Thankfully, the race had the entire road for runners to spread out in the first mile. This relieved much of the congestion one people got going. I didn’t have to do too much swerving around runners to get to my target pace. I didn’t want to be too slow in the first mile and set myself with a time deficit and at the same time burn too much energy swerving through traffic. Jeff and I separated right at the start, he was thinking he’d have a 2+ hr finish for the Half.

The course for the Full and Half runners put us running over a bridge right at mile 1, while the 5k runners kept going straight ahead. Even with losing the scores of  5k runners, it was packed like sardines over the bridge. We had one lane of the bridge while slow moving vehicular traffic had the other. A few times, to avoid getting jammed in runner traffic, I run outside of the cones (shhhhhh).

Coming off the bridge, we were able to spread out again. Since I hadn’t seen the Mile 1 marker (located early on the bridge) and coupled with the congestion on the bridge, I wasn’t sure exactly what pace I was running. Too slow and I would have to make it up, too fast and I would pay for it later.

I crossed the Mile 2 marker at 18:36 which was a 9:18 average pace. I was pleasantly surprised that I was actually that fast, just about at right pace.

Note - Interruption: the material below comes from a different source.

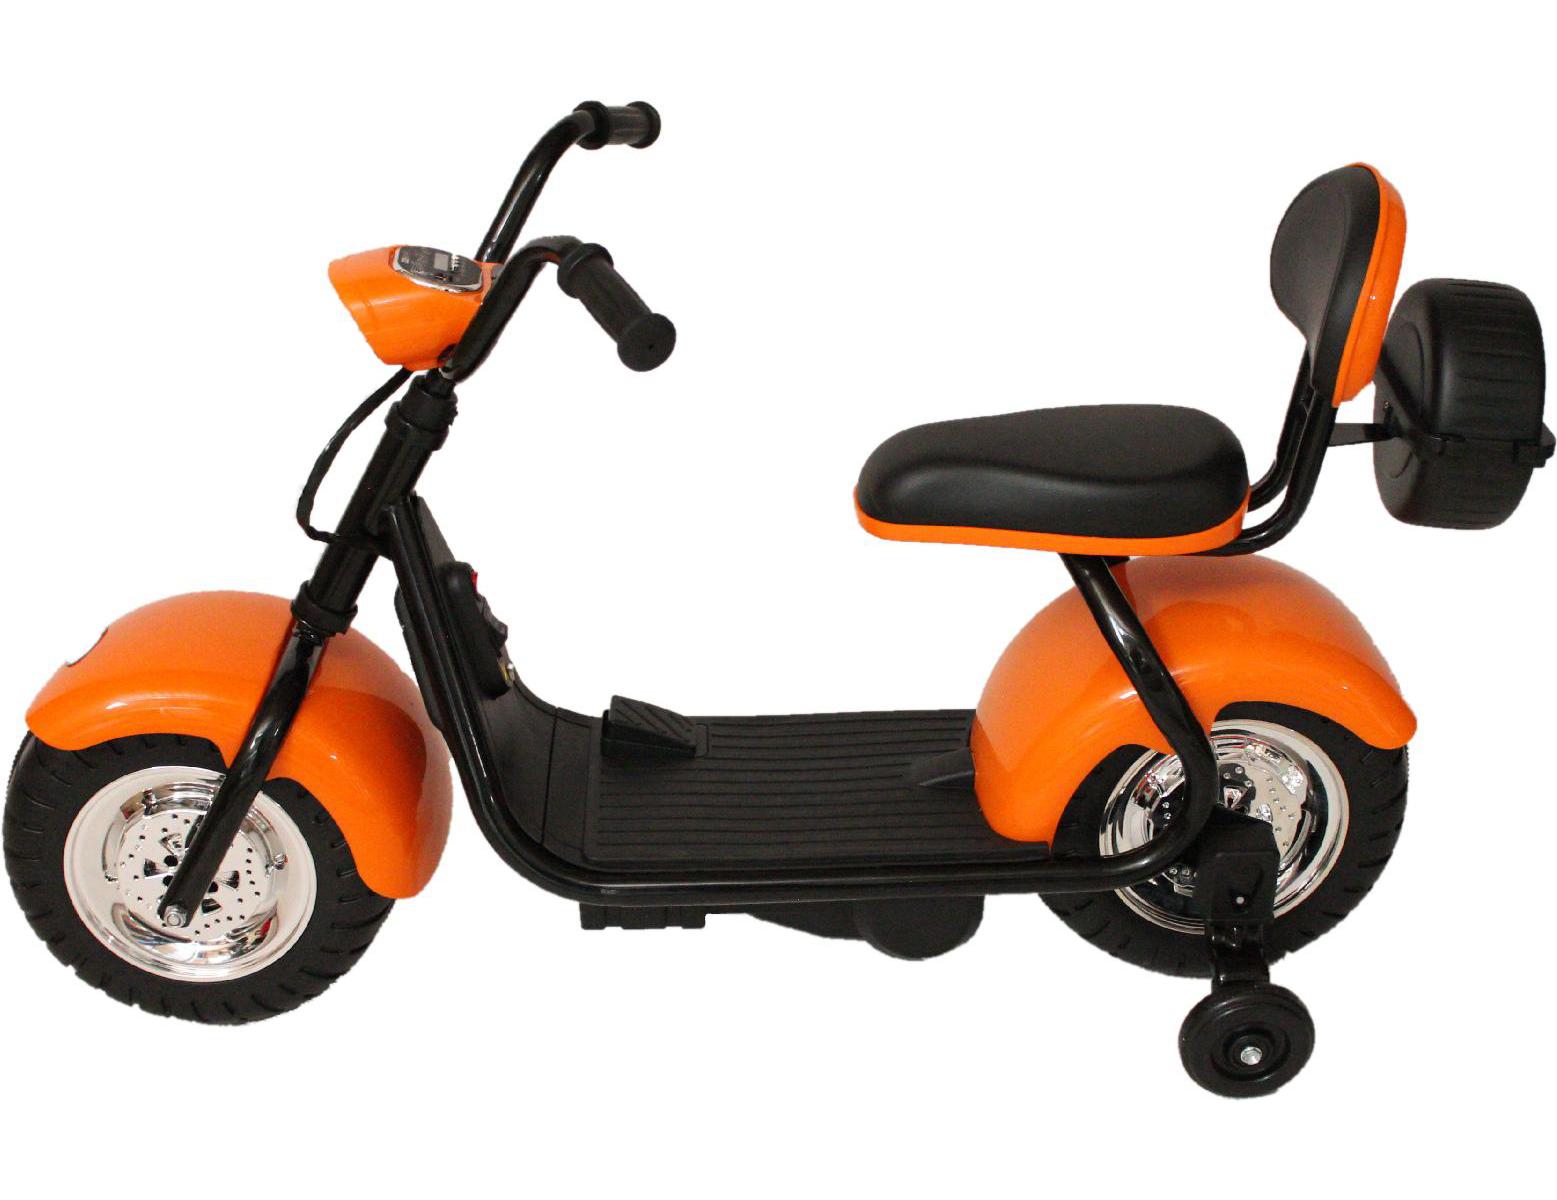 Детский электромотоцикл Barty CityCoco YM708, Оранжевый
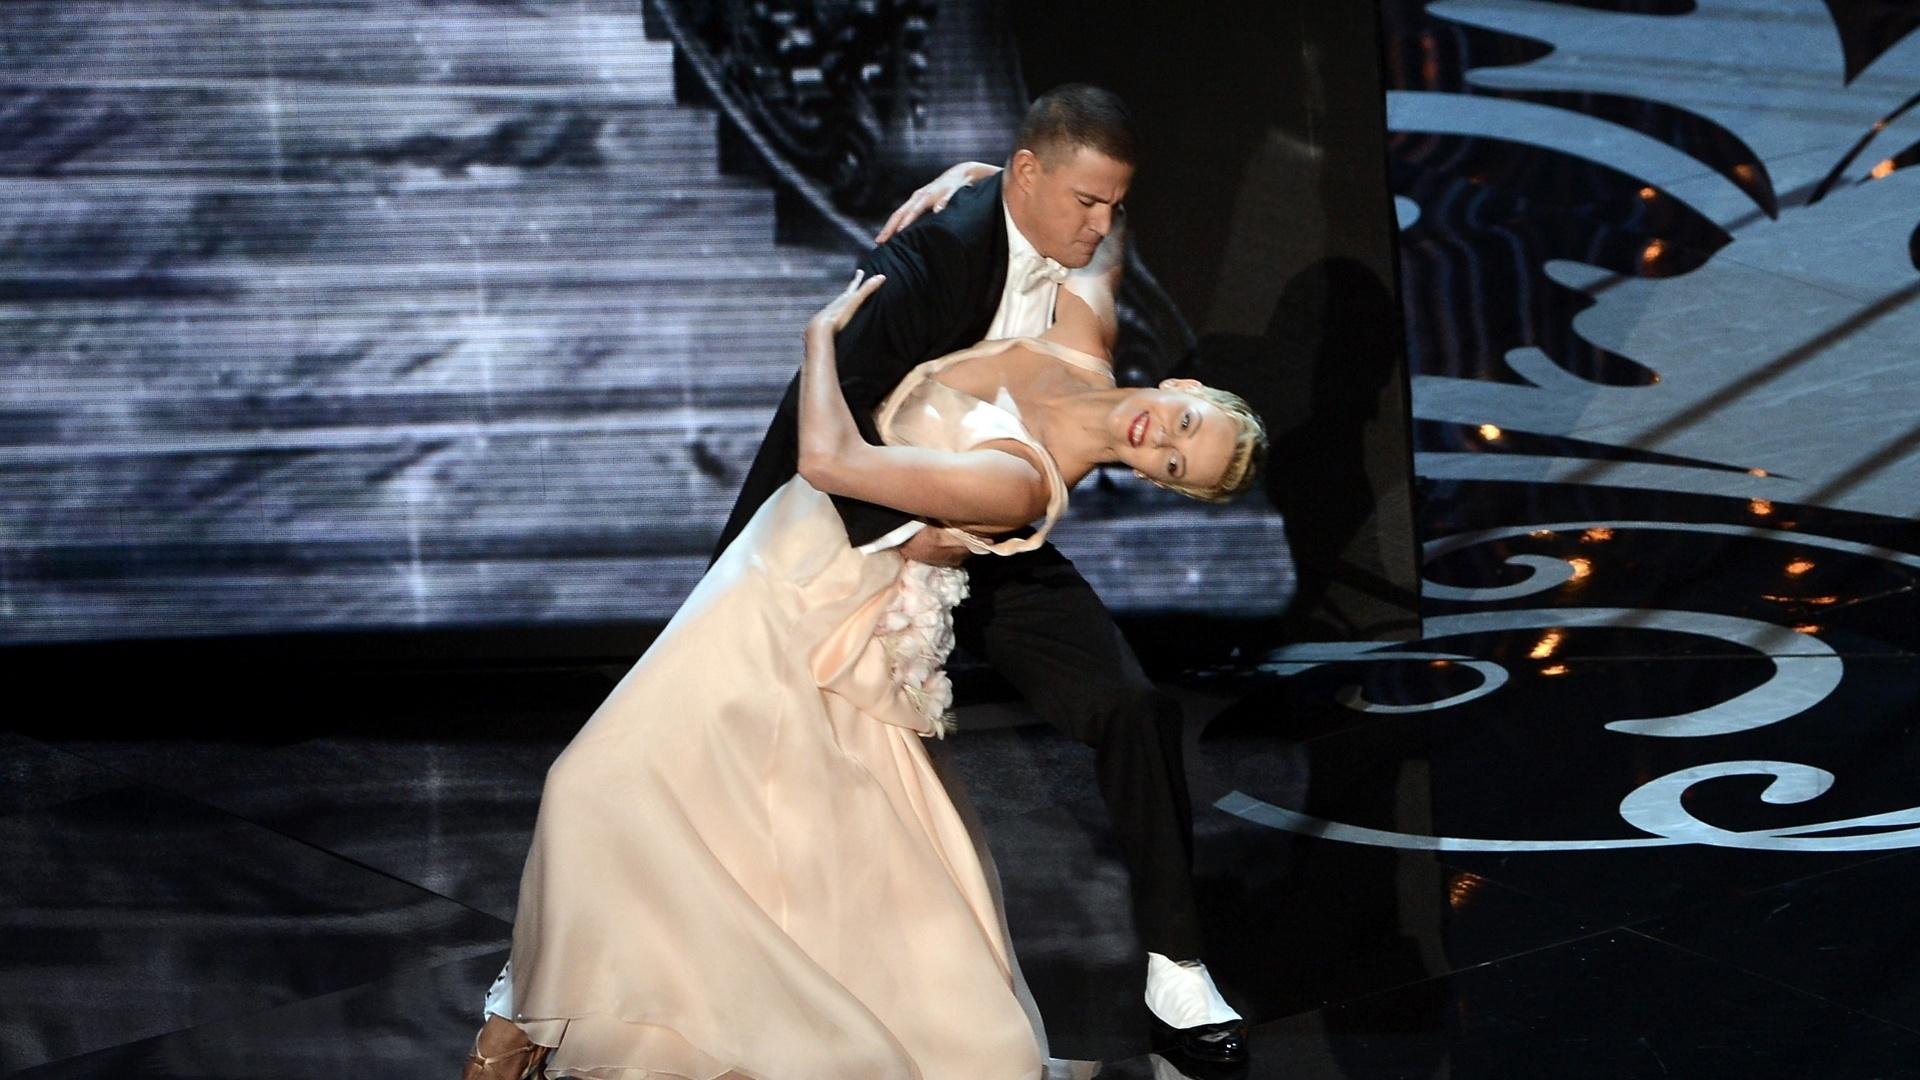 24.fev.2013 - Channing Tatum e Charlize Theron dançam na abertura do Oscar 2013

I was sure I had been slower because of the bridge congestion. At the top of the hill, right before Mile 3, I saw my cheering section of Jen, The Boys, and Bree (my Sister-In-Law).

One thing I did in preparation for this race was to hydrate, hydrate, hydrate. The forecast of Sunny weather earlier in the week did not sit well with me, so I planned for Operation Saturation.  My rhyming plan was working well, because shortly after getting off the first bridge, I had to go! So, just past Mile 3, I ditched off the course and used the bathroom. During my very first marathon in 1999, I had to use the bathroom at Mile 4 but held it until Mile 17. I had trouble for the rest of the race because of it, so I’m very conscious now about making sure I take care of my business early.

Coming down the “big” hill during Mile 4, I passed one the Pacers, which comforted me because I was making the gains that I needed. Around the 4.5 mile area, the route hops onto a greenway that runs parallel with the Mighty Mississippi River. It’s much like the Neyland Greenway in Knoxville that runs alongside the Tennessee River. I took some time just to enjoy the view of the river and the scenic view it offered.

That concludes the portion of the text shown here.